Omitting that is acceptable in this context; a more detailed description of when that may be omitted is available at your later question, When can I remove the word 'that' in a sentence?.
As to the suggestion “don't use ‘that’ frequently in writing and try to avoid it wherever possible”—this is an overstated and under-nuanced version of what is actually very sound practical advice: be careful of how and when and how often you use this overworked word.
That has five distinct uses in English:
- As a demonstrative pronoun: That’s the man I saw!
- As a demonstrative adjective (determiner): I saw that man!
- As a relative pronoun (relativizer): He’s the man that I saw.

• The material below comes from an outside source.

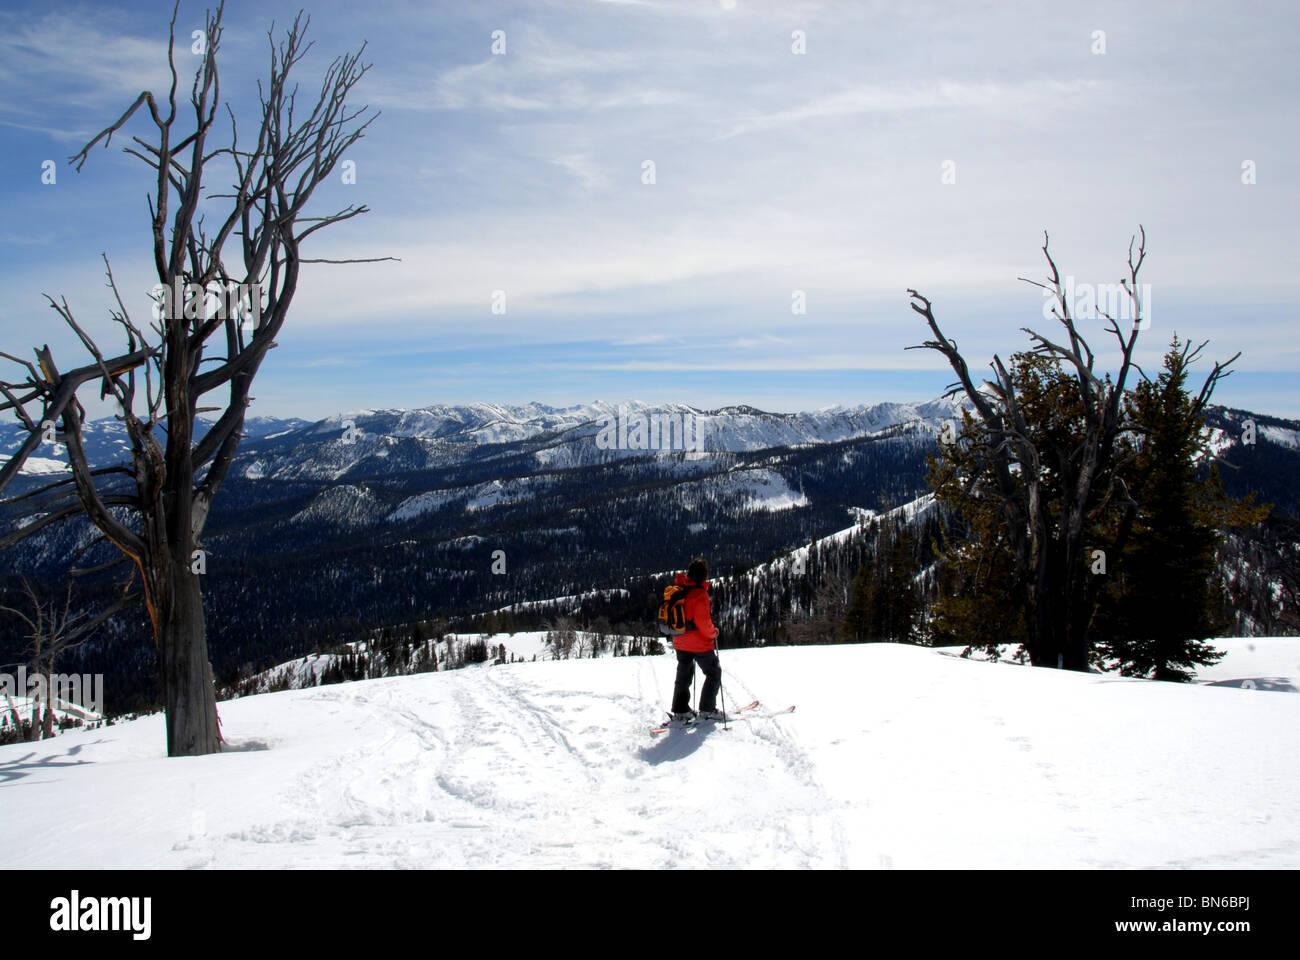 Skier on summit of unnamed mountain above Galena Pass, Sun Valley, Idaho. - Stock Image
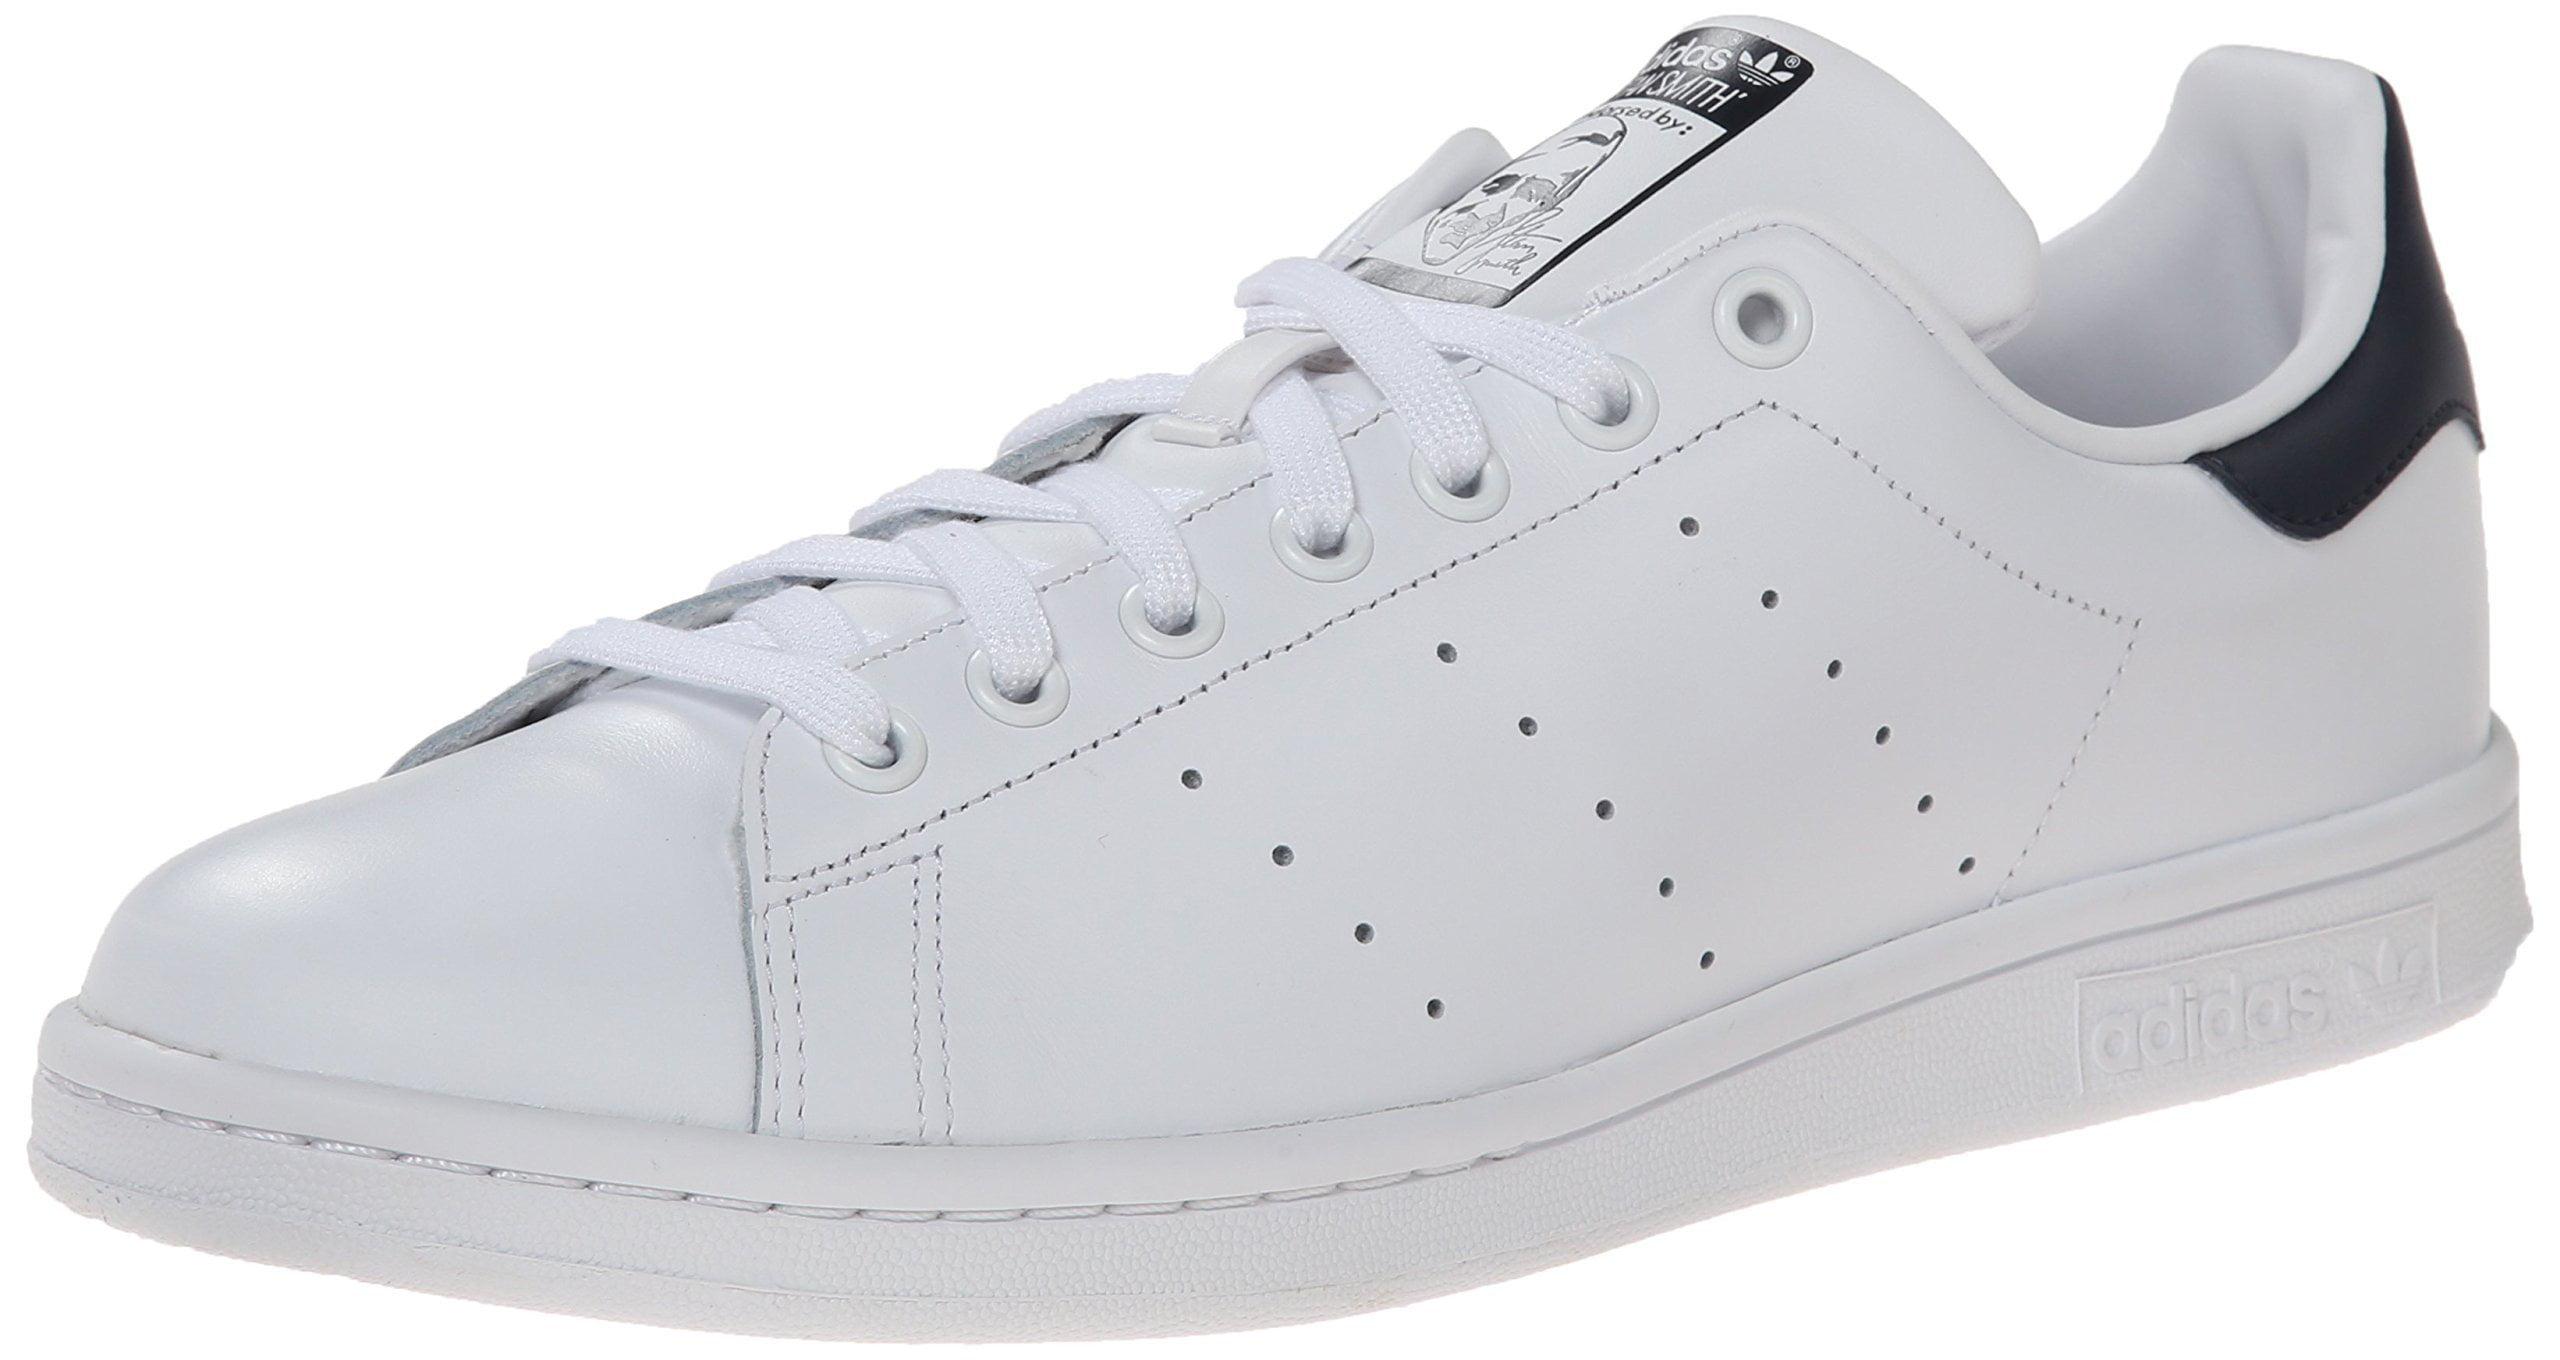 adidas originaux blanc camo nmd r1 formateurs ftwr fabuleux pastel

- As a subordinating conjunction (subordinator): I told you that I saw him.
- As an adverb: The man was about that tall.
That’s a lot of uses; and they’re all very common, so it’s very easy to use that repeatedly without noticing. It's even possible to stack four thats in a row, in four different senses, without being grammatically ‘incorrect’:
I told you that4 that1 that3 that2 man said was totally false.
That’s hard to parse; and even though you’re unlikely to produce anything that awkward (I had to work hard to produce that), you still want to be careful not to confuse the reader even momentarily by using too many thats. It’s bad practice to use any word in two different senses in the same short passage; and this is particularly dangerous with that, because one of its uses (4) is to distinguish major syntactic units.
So be careful with your thats. Repetition of that in the same sense is OK, because it can establish rhetorically useful parallels; but if you notice you’re using it in different senses, look for ways to paraphrase. Here are a few:
- You may omit many conjunctive4 and relative3
thats (see the link).
- You may always substitute who or which for relative3
- You may often replace a demonstrative pronoun1 with a personal pronoun or with what.
- You may sometimes replace the demonstrative adjective2 with this, or the adverb5 with this or so.
And so forth. Don’t avoid using that—that’s just silly. But do avoid using that confusingly.